The Magnitsky affair sparked a first diplomatic storm between the United States and Russia. In late 2012, Washington, under the presidency of Barack Obama, adopted a text providing for sanctions (freezing of assets and visa bans) against Russian officials considered responsible for the death of Sergei Magnitsky. “An unfriendly gesture,” then denounced Vladimir Putin. In retaliation, the Kremlin leader suddenly banned American families from adopting Russian children.

These diplomatic suites were far from the original file. Sergey Magnitsky, a tax lawyer, advised Hermitage Capital, a Western investment fund in Moscow headed by Bill Browder, at the time.

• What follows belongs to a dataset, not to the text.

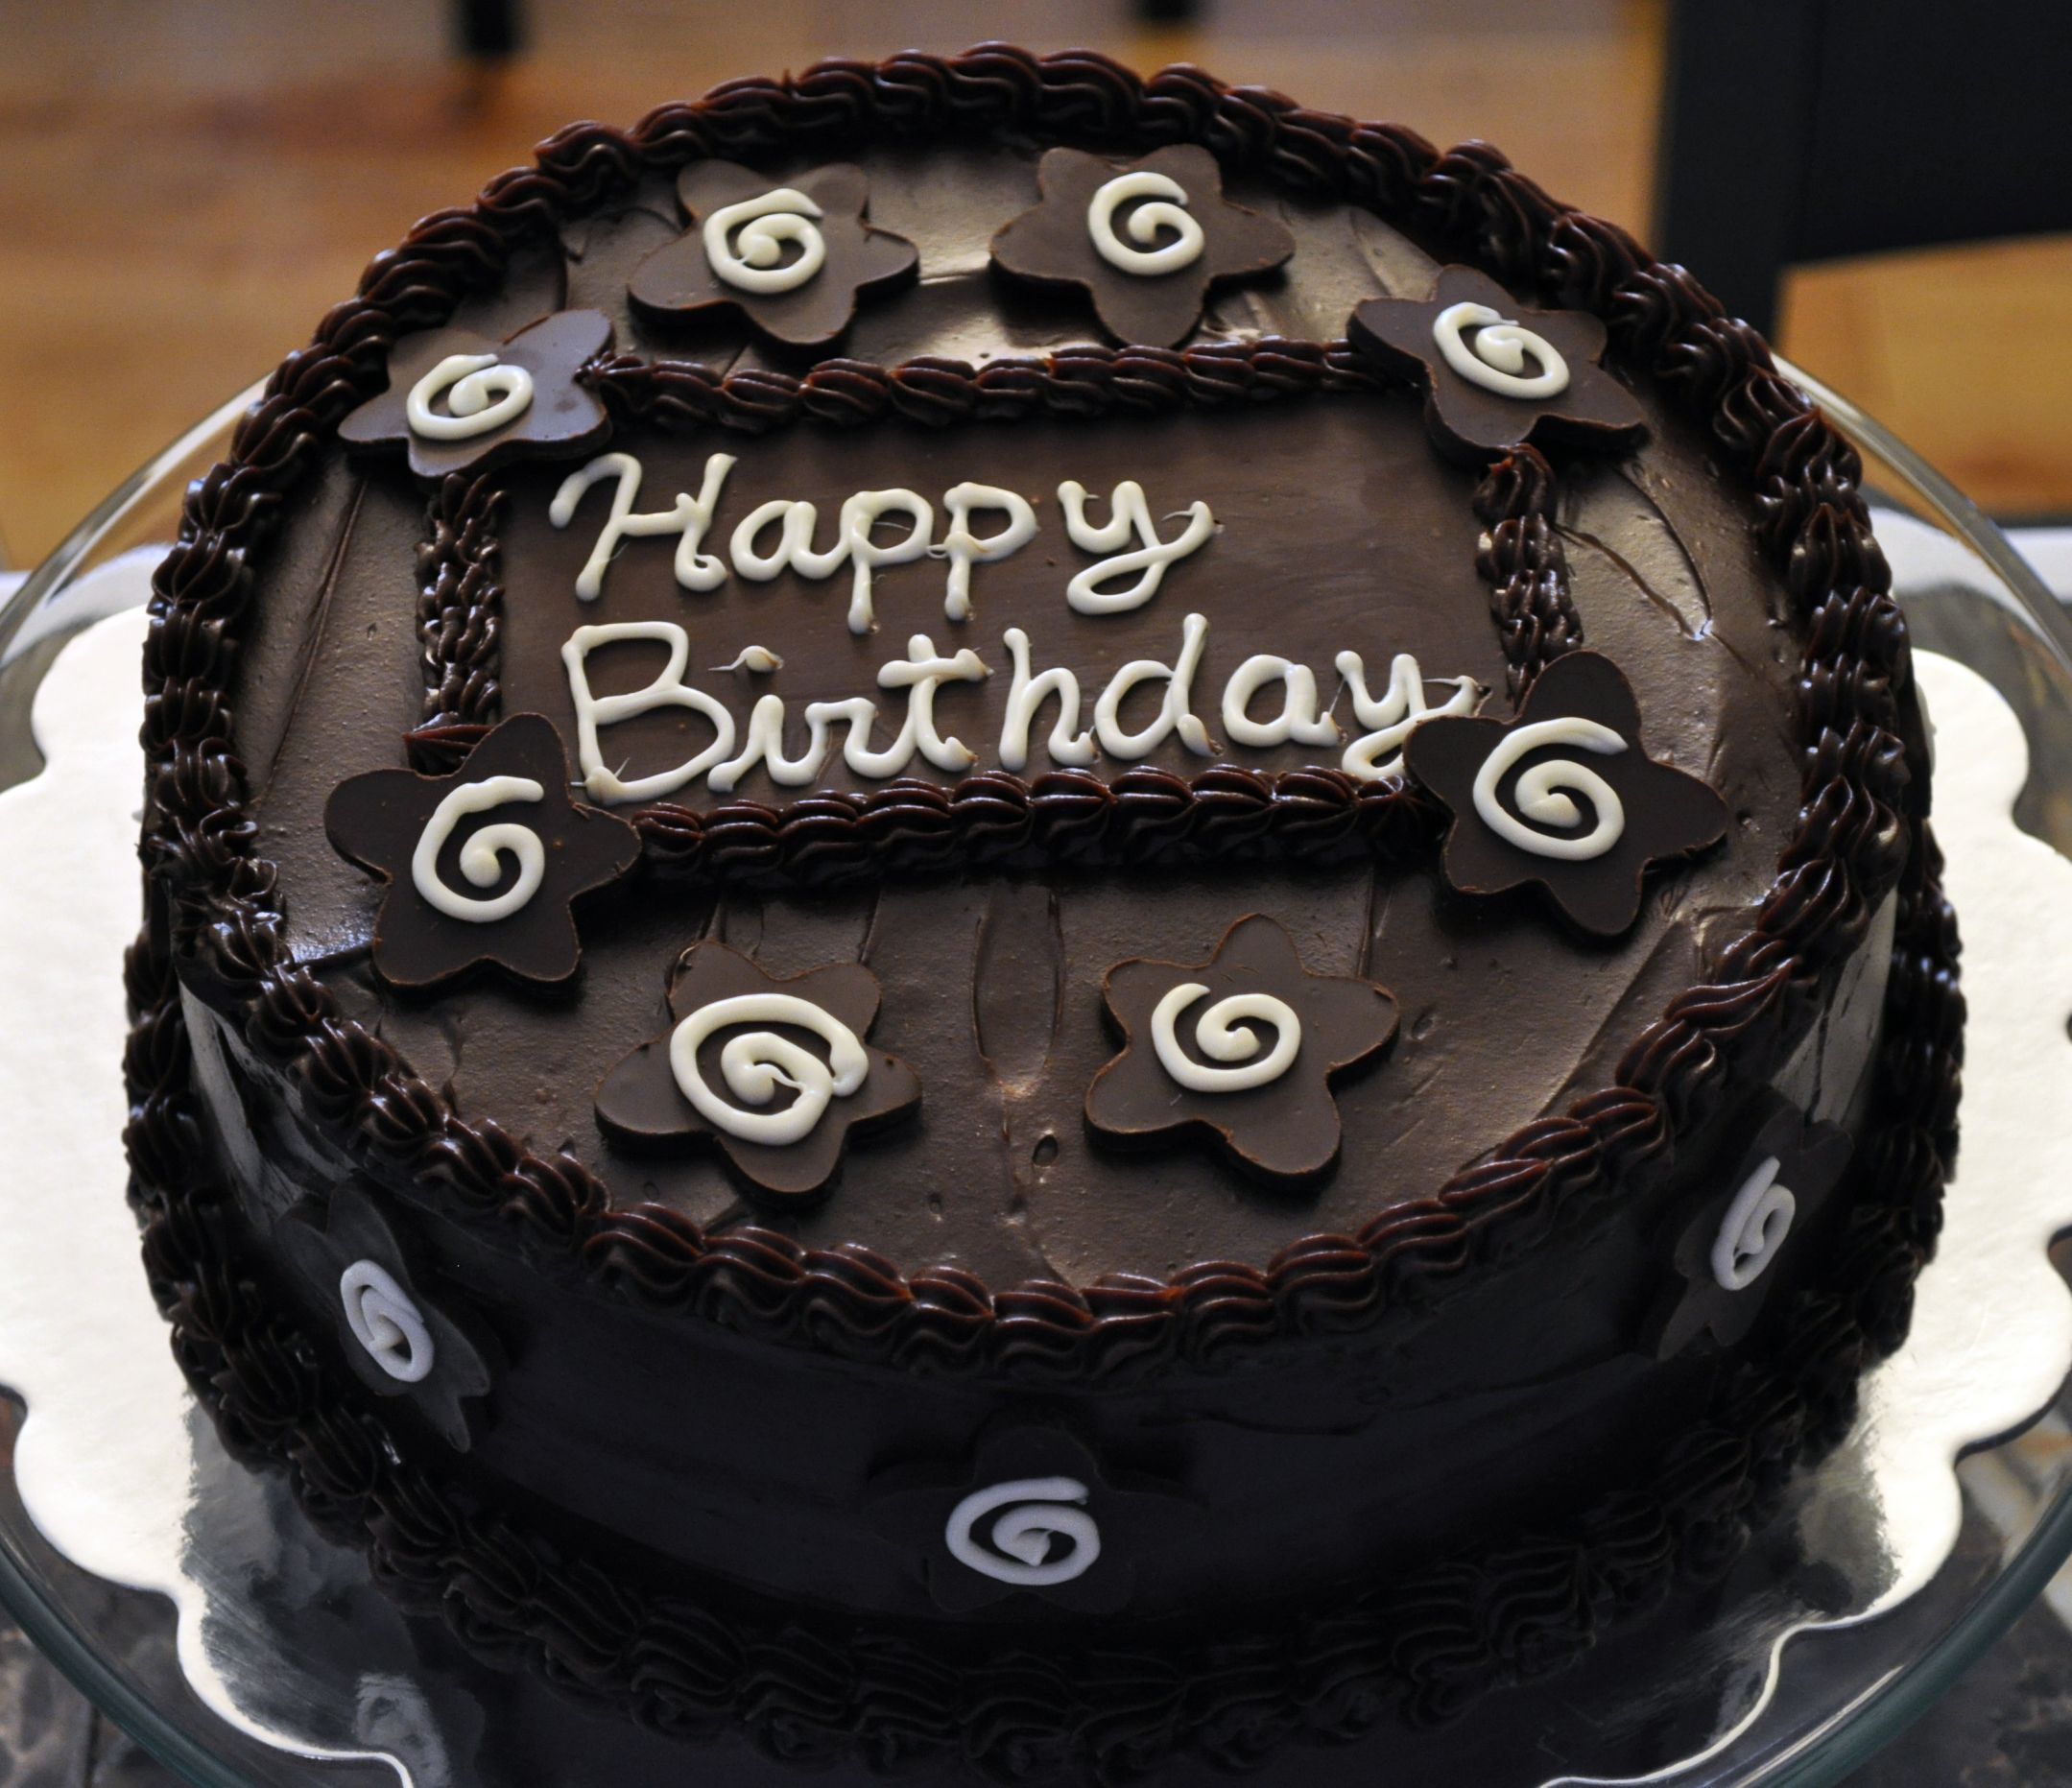 Happy Birthday New Black Forest Cake Cake Pinterest Black

While being well in court in the Kremlin, this British financier denounced the corruption in the system and ended up too much disturbance. Result: became in 2005 persona non grata in Russia, he was one day denied entry into the Russian territory. The financier rejected a compromising offer of collaboration with the power and, helplessly, suffered raids against his companies.

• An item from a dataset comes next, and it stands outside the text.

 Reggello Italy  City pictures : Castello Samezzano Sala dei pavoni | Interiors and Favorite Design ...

Indicted by the very people he denounced

To clarify these maneuvers, Bill Browder hired lawyers. But their investigations for corruption turned against them and all of them fled abroad. All but one: 36-year-old Sergei Magnitsky, who ends up being arrested in 2008 for tax evasion after denouncing a massive financial machination of 130 million euros orchestrated, according to him, by police and tax officials. He is indicted by the very people he denounced.

It is then that the eleven months during which Sergei Magnitsky is beaten in prison begin. In his diary, he recounts his martyrdom. But the more he complains, the more his detention conditions deteriorate. The lawyer ends up in filthy cells and, at the end of his strength, he is sent to a medical antenna where he dies at the age of 37. He succumbed, according to the prison services, to a malaise. But an investigation by the Kremlin Human Rights Advisory Council in 2011 concluded that he had been beaten and denied treatment. However, no criminal prosecution has been initiated.

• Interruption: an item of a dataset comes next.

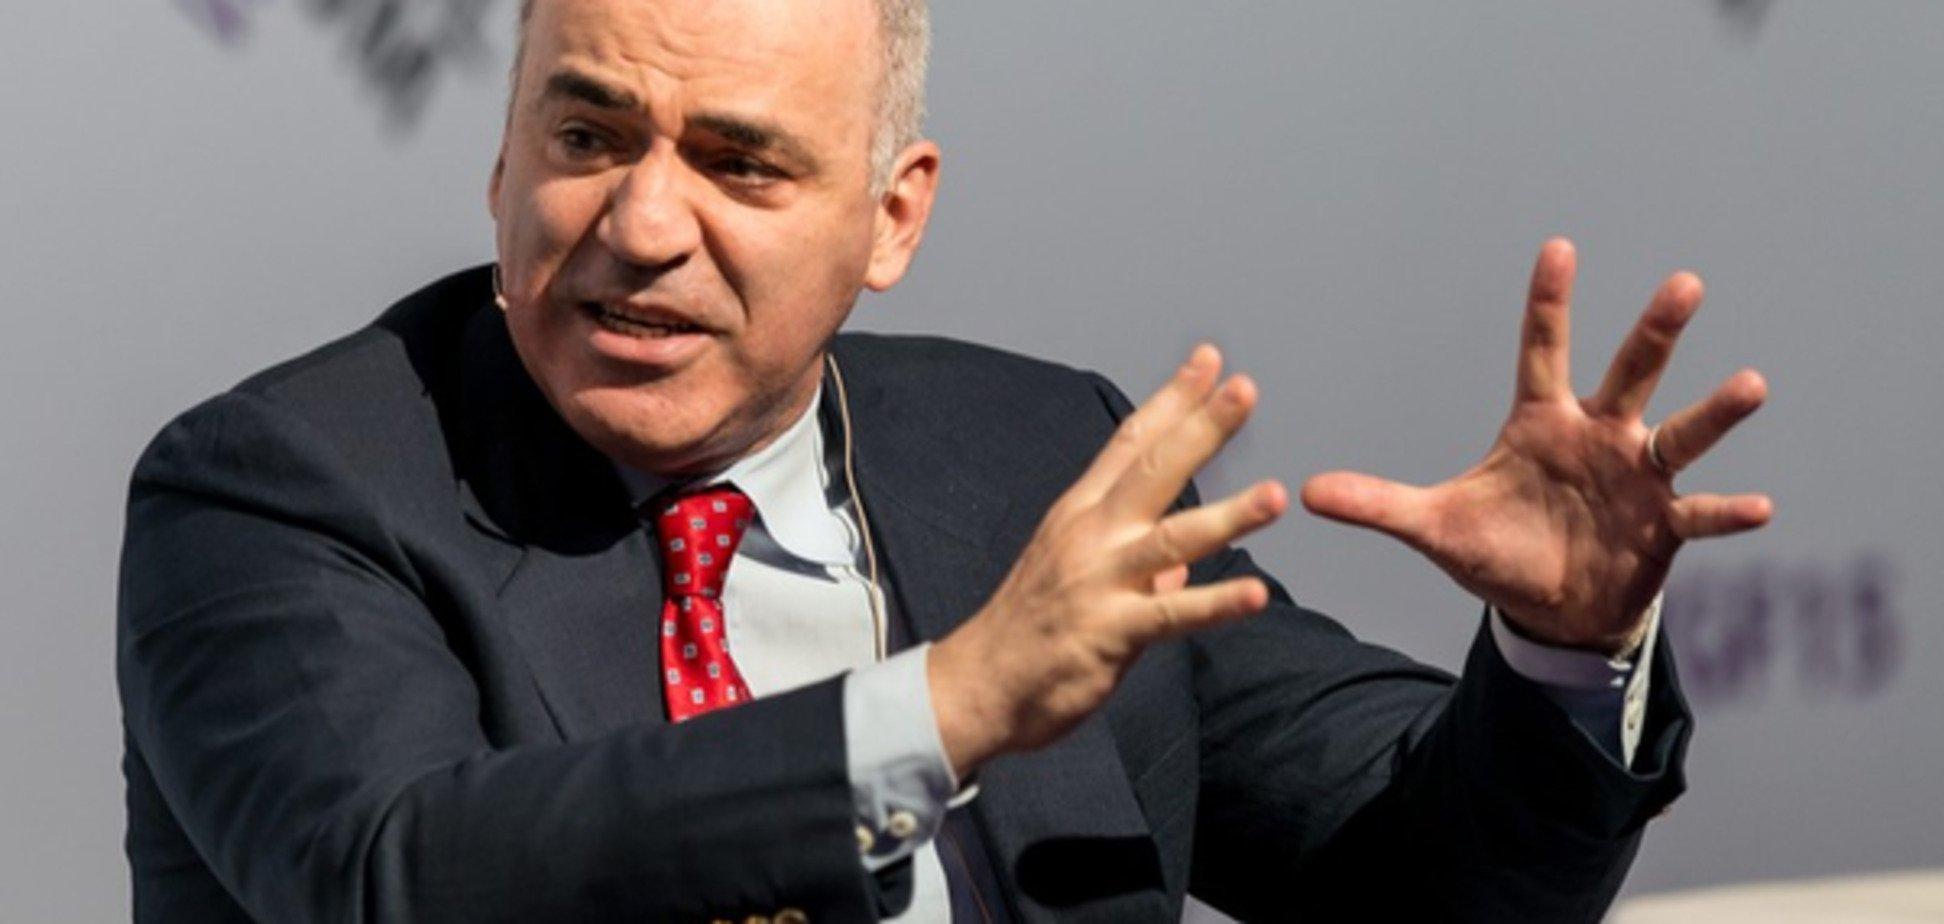 Гарри Каспаров: 'Колоссальные проблемы Европы могут стать неразрешимыми'

Before his death, Sergei Magnitsky had himself seized the ECHR. A long process pursued by his wife and mother. The Court sentenced Russia to pay them 34,000 euros for non-pecuniary damage, an unusually large sum. While in July 2013, four years after his death, Sergei Magnitsky was found guilty of tax evasion, the ECHR severely judged this posthumous conviction as “inherently inadequate”.